Erchen Chang loves to create. Brought up in Taiwan she moved to London to go to boarding school, and then study at the Slade School of Fine Art at University College London, because “my passion is in creating. I have fun making things, and at the same time I hope other people have fun experiencing my work”. Hooking up with two other equally obsessed art-student friends, she is behind one of the biggest culinary success stories in London, the award-winning concept restaurant Bao – based around deliciously light and fluffy steamed buns filled with pork, pickles, peanuts, and much else besides – which has just taken up residence in London’s Soho, prompting hour-long queues down the street.
“As with a lot of restaurants these days, Bao started as a pop up, which allowed us to test what we were doing and refine it. The menu is based half on classic Taiwanese dishes that my partner and co-chef Shing Tat Chung and I were brought up on, and half that we have created ourselves. We aren’t formally trained chefs so there is a long development processes that involves lots of creativity, and plenty of trial and error.
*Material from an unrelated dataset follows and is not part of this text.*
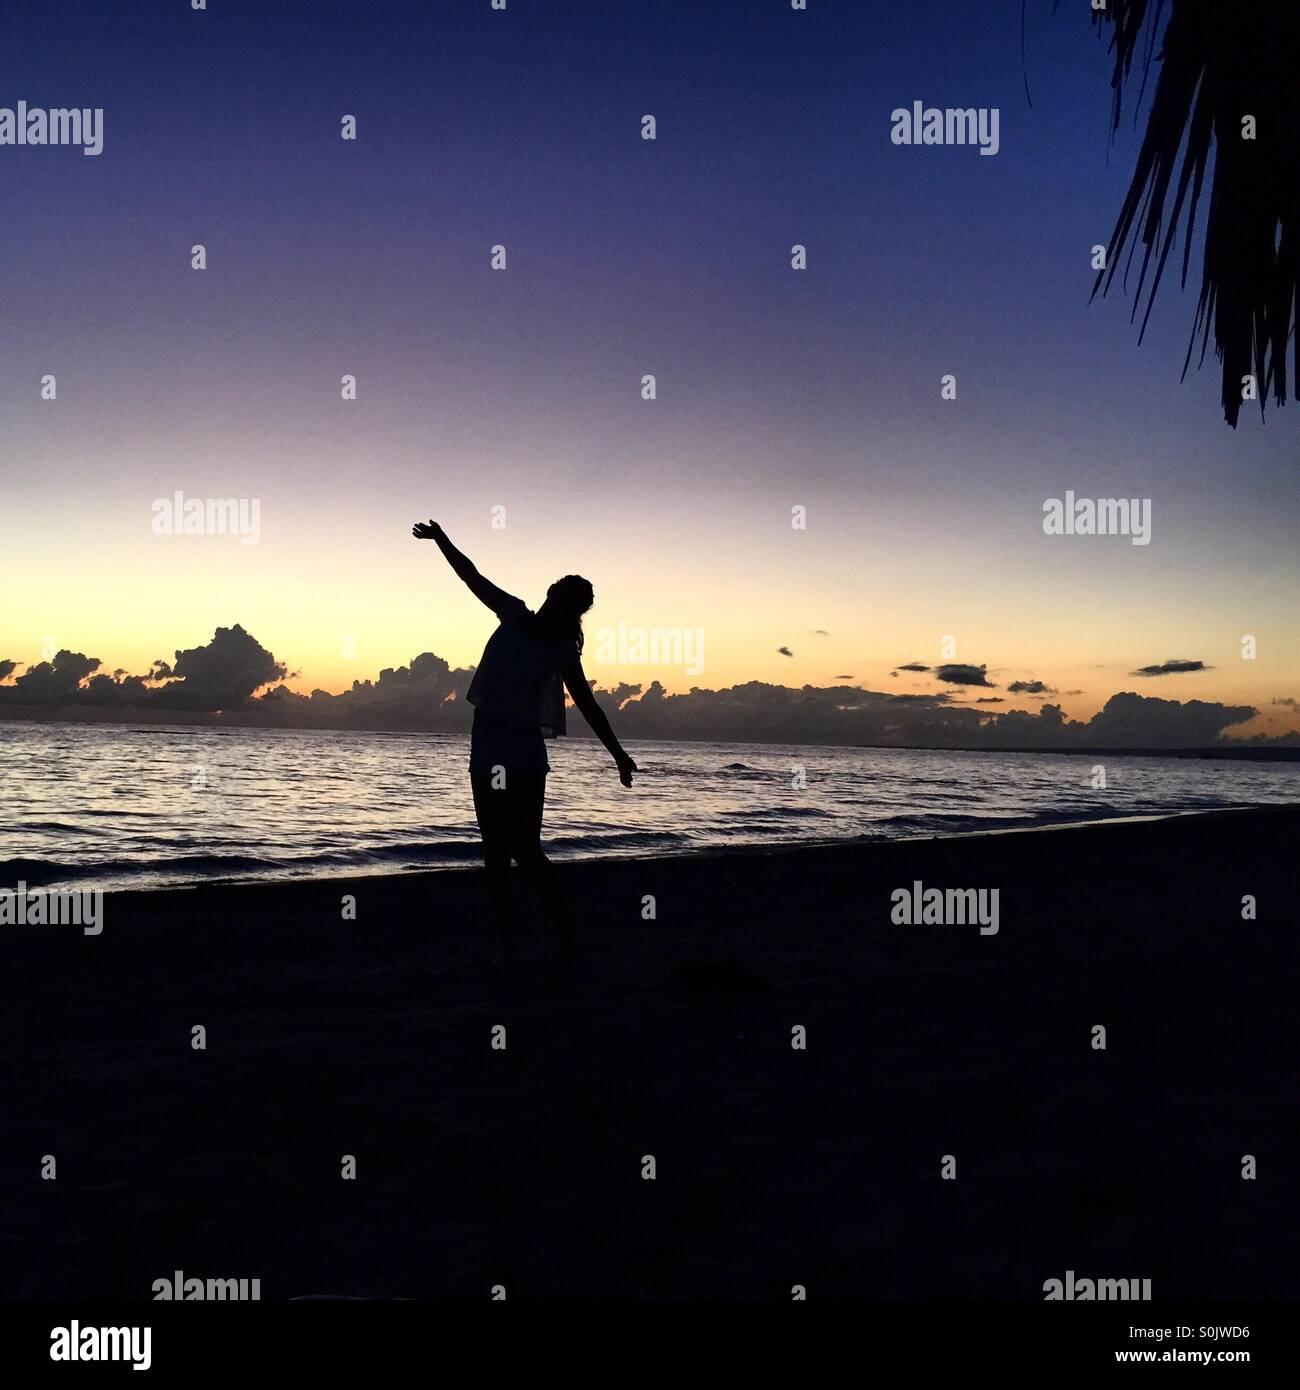 Mode de vie dominicaine Photo Stock

As well as the food, we also designed the look of the restaurant: we wanted something simple but fun that wouldn’t distract from the food. Our pop-up shack had a very cosy wooden ambience so we wanted to recreate that here. The open kitchen adds to the atmosphere.”
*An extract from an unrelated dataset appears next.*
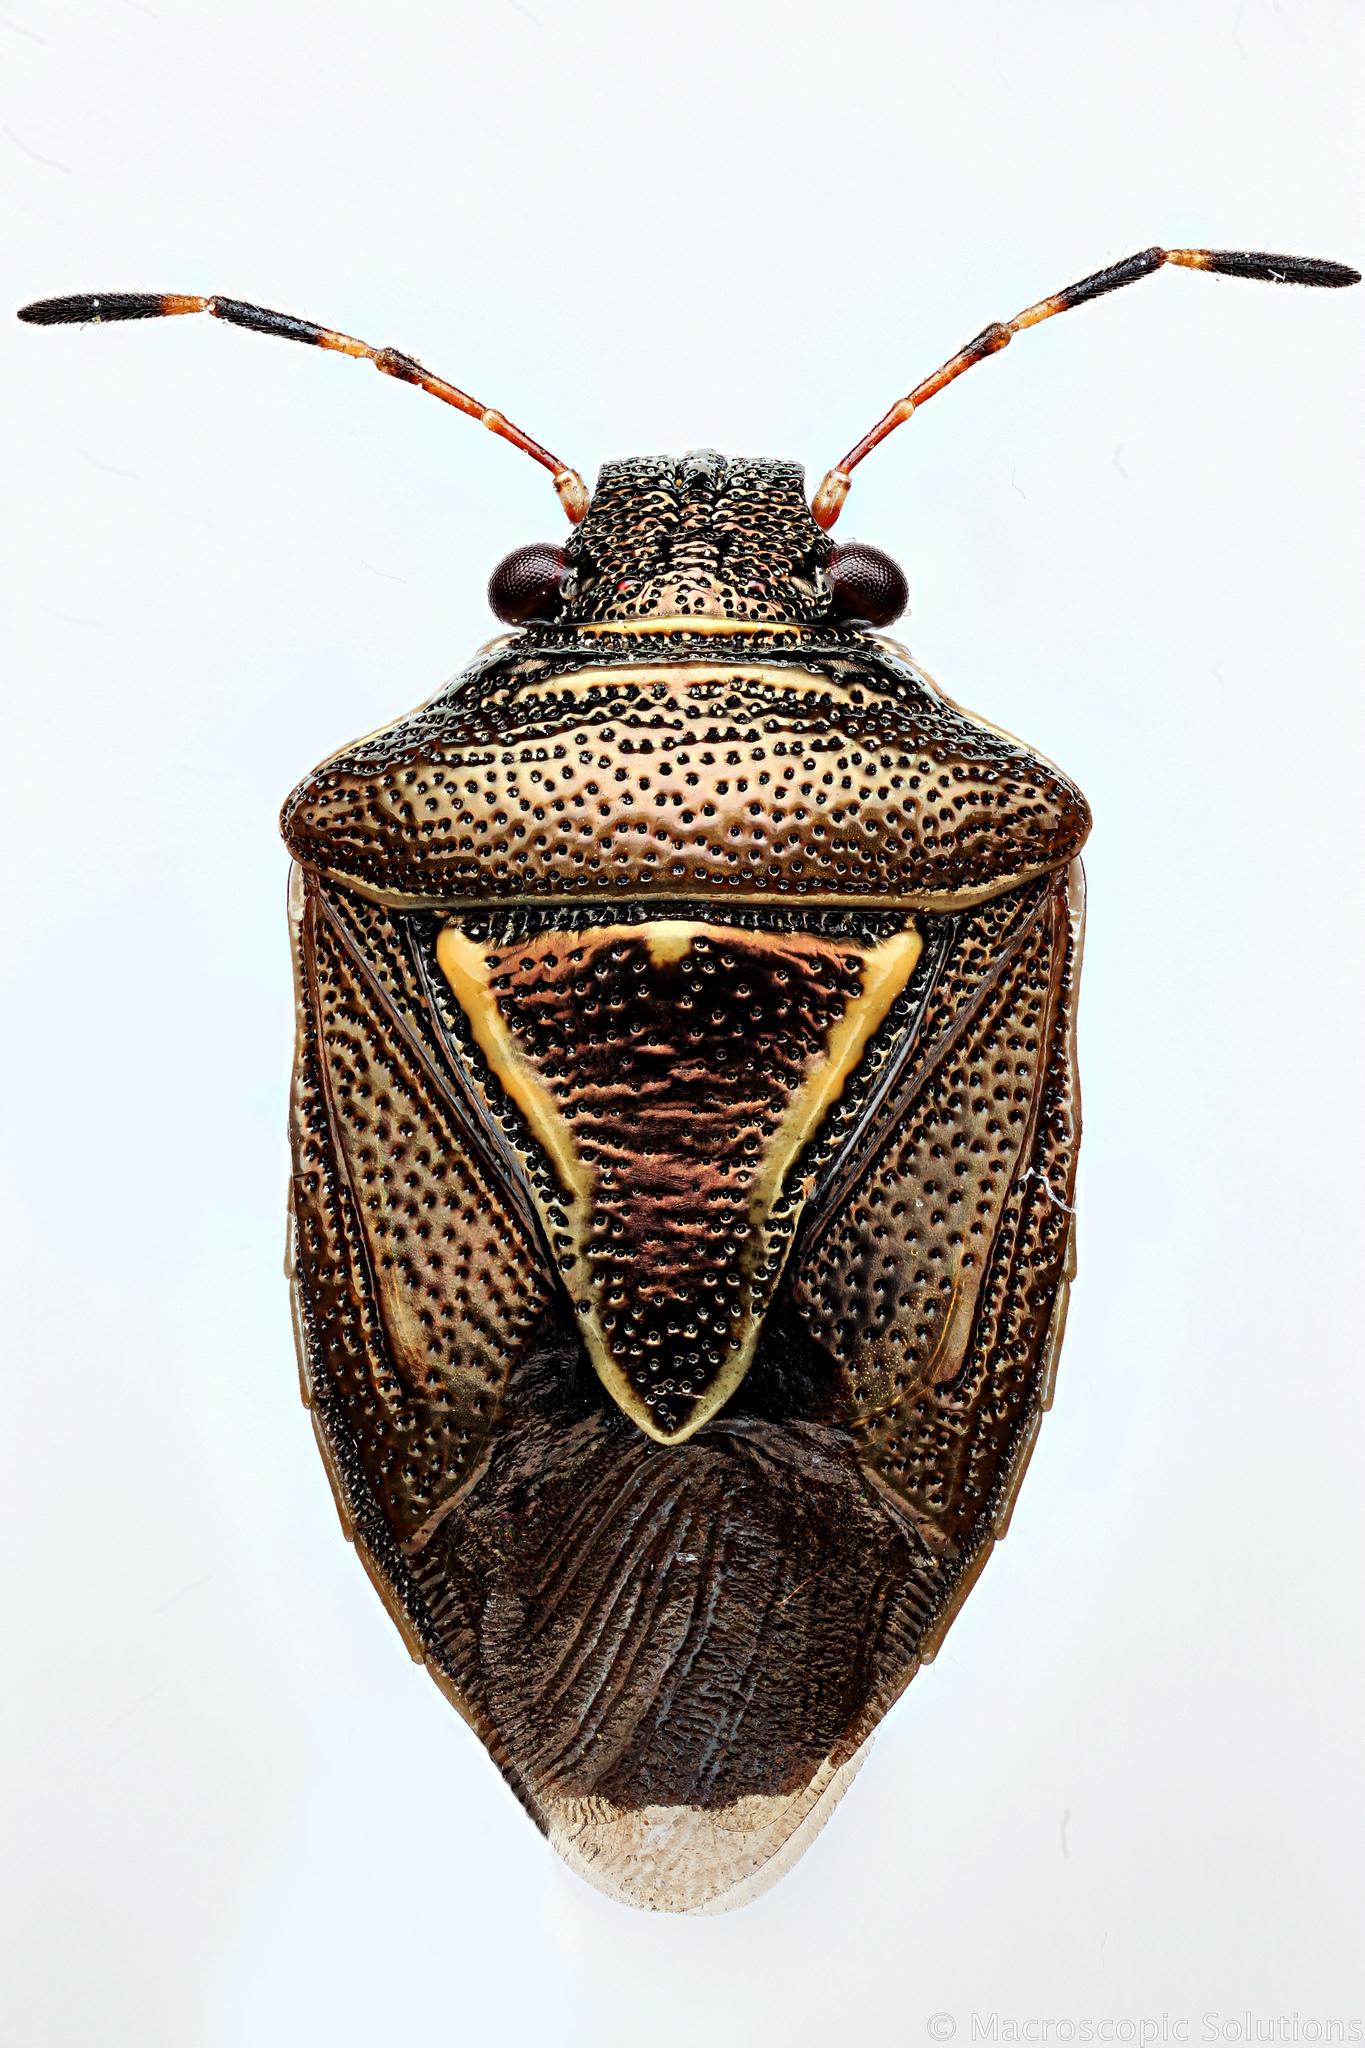 Insecta: Hemiptera

“I travelled a lot around Asia before we set up Bao, so I took lots of inspiration from little details I saw there. I get a lot from nature: the look of a beach or mountain can be truly inspiring. And I’m also influenced by architects and designers, such as Ettore Sottass or Gio Ponti.”
“Soho is such a vibrant area, with countless restaurants and shops crammed next to each other – there are so many great places in close proximity. Bao is on Lexington Street where some of my favorite restaurants and cafes are, including Andrew Edmunds and Fernandez and Wells. And there’s Aesop too, which does such beautiful products.”